Eu vejo a universidade como a grande oportunidade de adquirir e gerar conhecimento específico, e, simultaneamente, ganhar perspetiva e elasticidade mental para conseguir continuar a aprender ao longo da vida. 

Estarmos rodeados por pessoas com interesses comuns e por pessoas muito diferentes de nós é um privilégio. Essa universalidade de um espaço como a Universidade de Lisboa é para ser aproveitada, para se desfrutar, para alargar horizontes. Para que é que serve uma gestora ou um médico que não gosta de ler ficção, um artista que não tem interesse em nova tecnologia, um cientista que não se preocupa com o bem-estar dos outros, um engenheiro que não desfruta de um bom filme, um advogado que não se incomoda com a crise ambiental?

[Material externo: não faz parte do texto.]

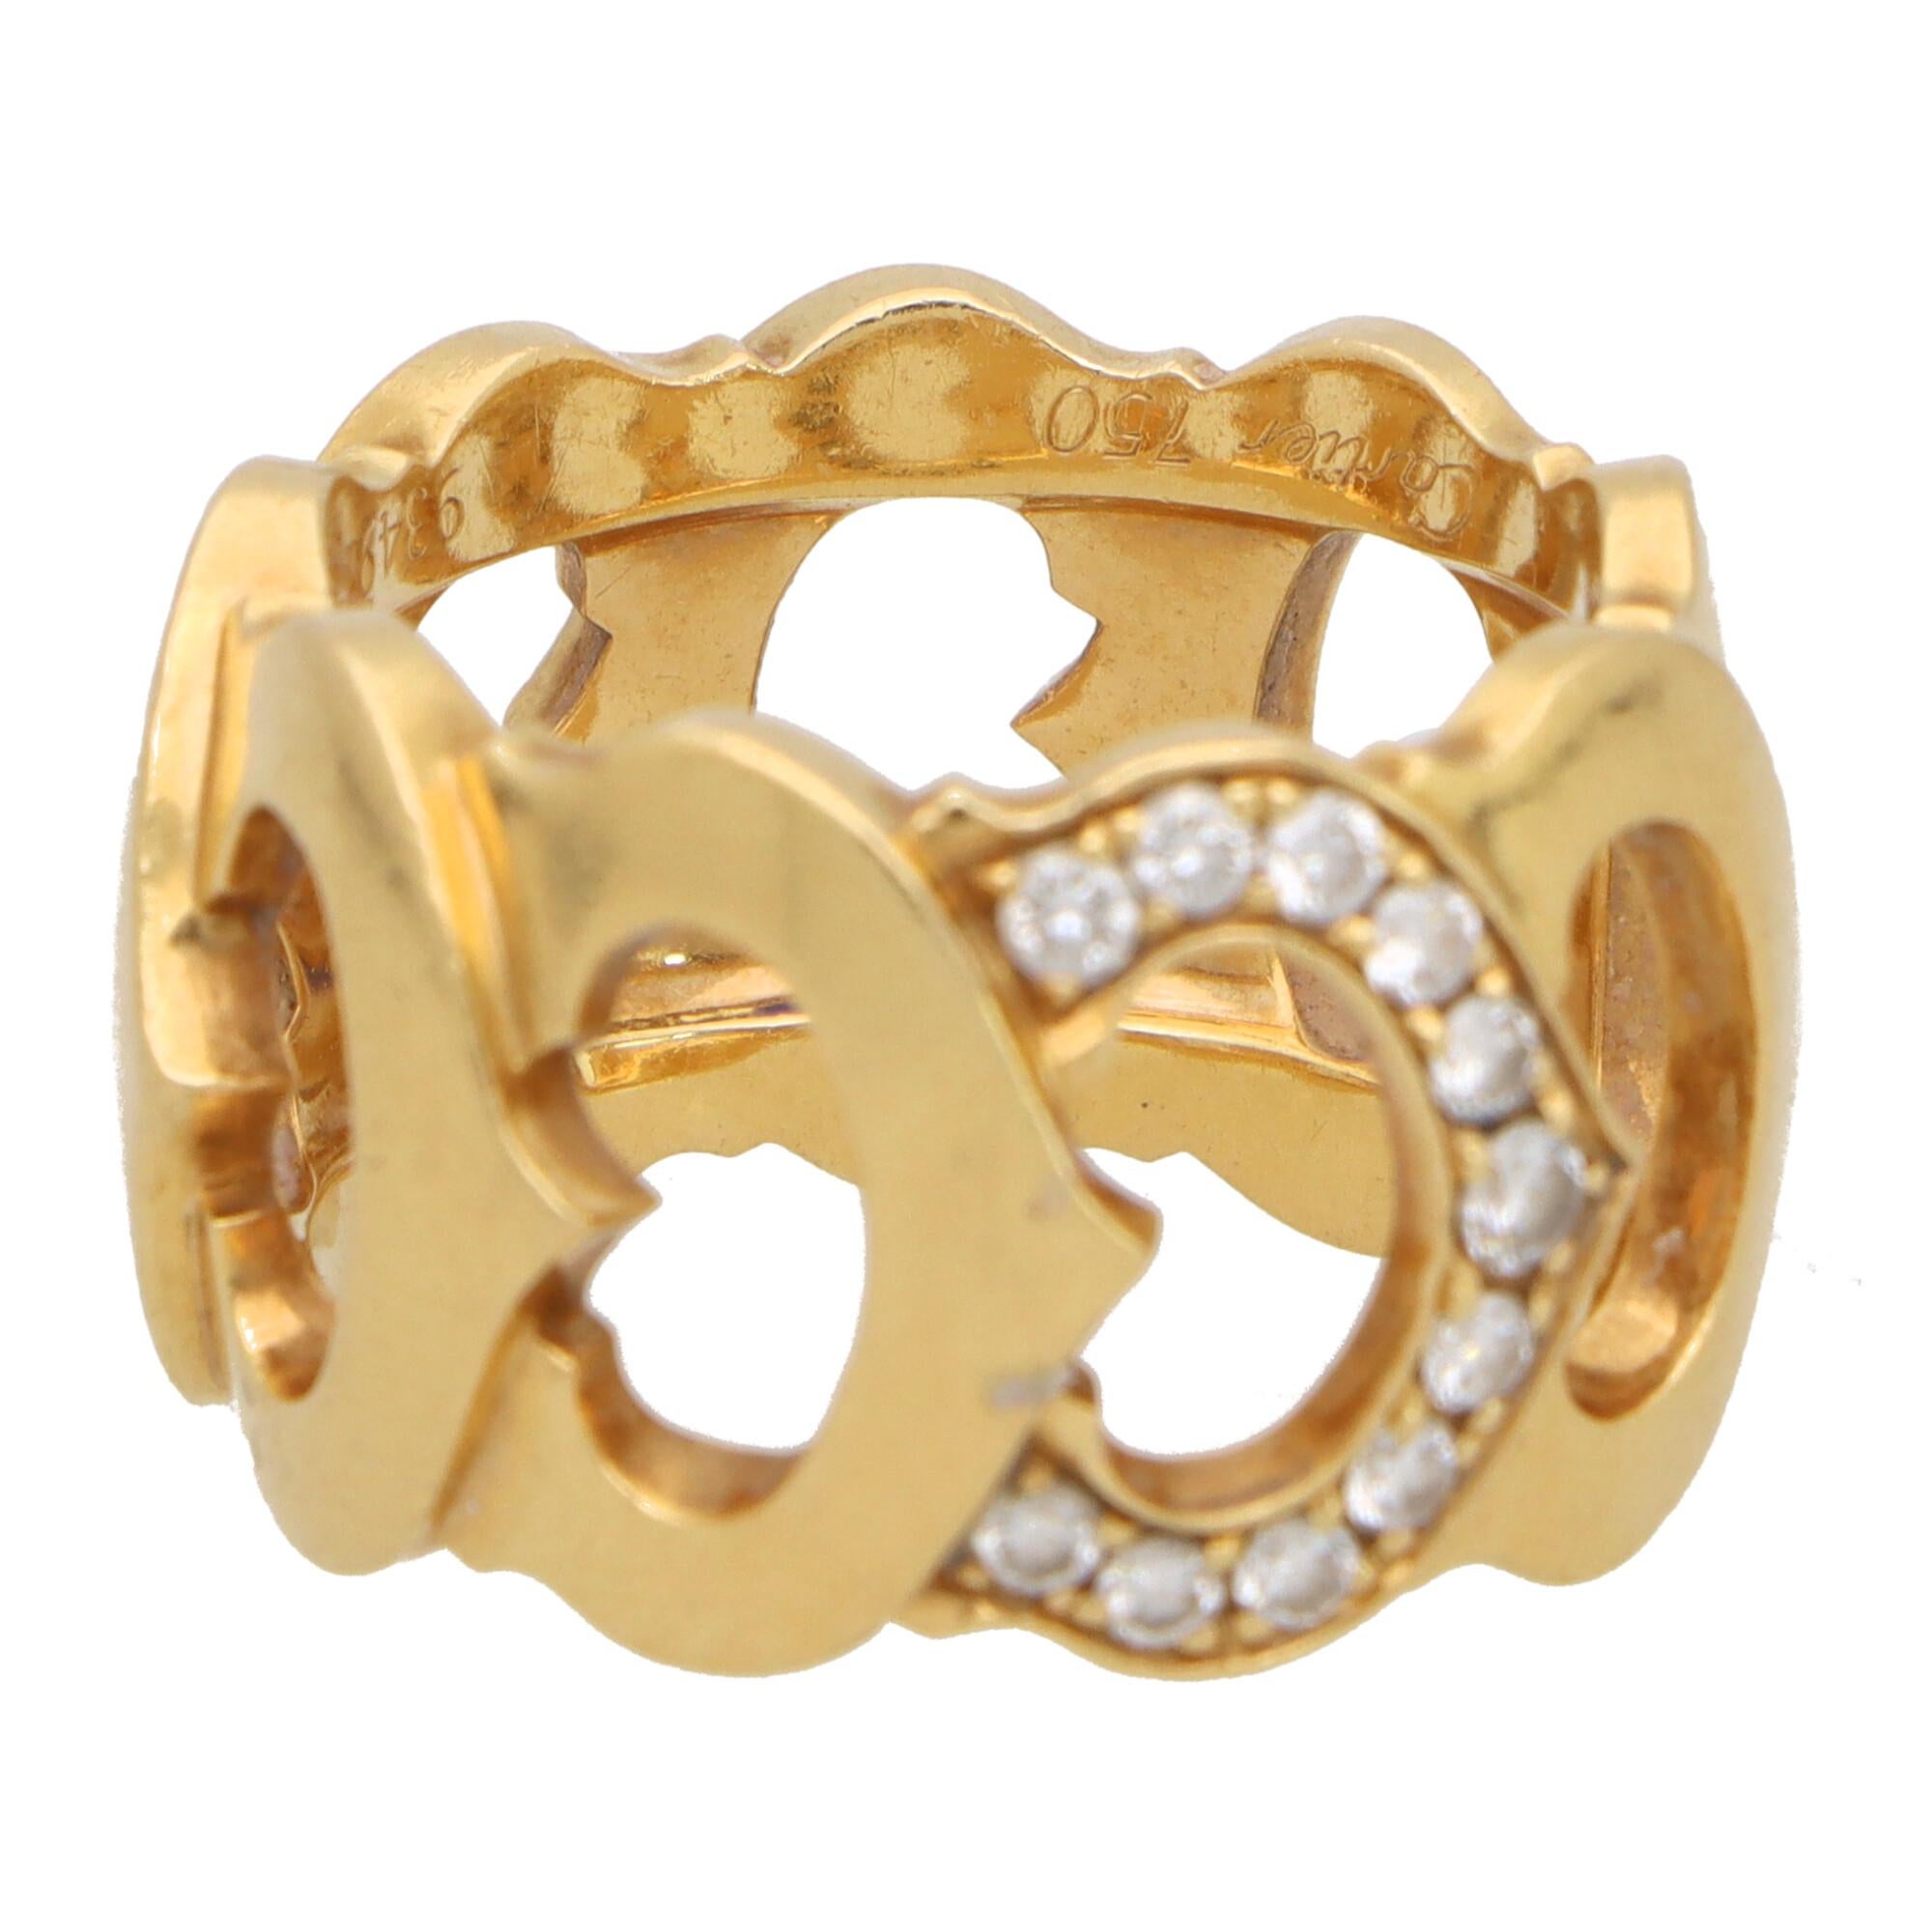 Vintage Cartier ‘C de Cartier’ Diamond Band Ring in 18k Yellow Gold 1

Conhecer e saber a sério implicam a humildade – e o prazer - de dialogar com as outras áreas. É para isso também que aqui estamos. 

Dou-vos um exemplo muito concreto, do último ano letivo, em que assisti a três momentos maravilhosos e totalmente diferentes, nas últimas lições de três professores desta Universidade que completaram 70 anos: a curiosidade do Nuno Crato na sua Matemática Aplicada à Economia e à Gestão e na forma como vê a Educação; também no ISEG, a última aula emocionada do António Garcia Pereira em que o direito do trabalho andou de mãos dadas com a história contemporânea; pontos de vista tão distantes entre si e a tolerância que assim se aprende e cultiva; e a entusiasmante última lição do Fernando António Baptista Pereira em Belas Artes, que deu voz à imagem de artistas que nem sempre a tiveram ao longo dos tempos. 

 

É na diversidade e liberdade de pensar que a ciência e a cultura dão frutos. Um pouco que seja, todos os que passam pela universidade podem e devem respirar este ar, que é puro de tanta mistura. 

 

Apesar de estudar ser difícil, por vezes muito difícil, a universidade é um lugar com tempo. E tempo é capaz de ser ainda mais do que dinheiro.

 

Então, afinal, como deve ser a universidade?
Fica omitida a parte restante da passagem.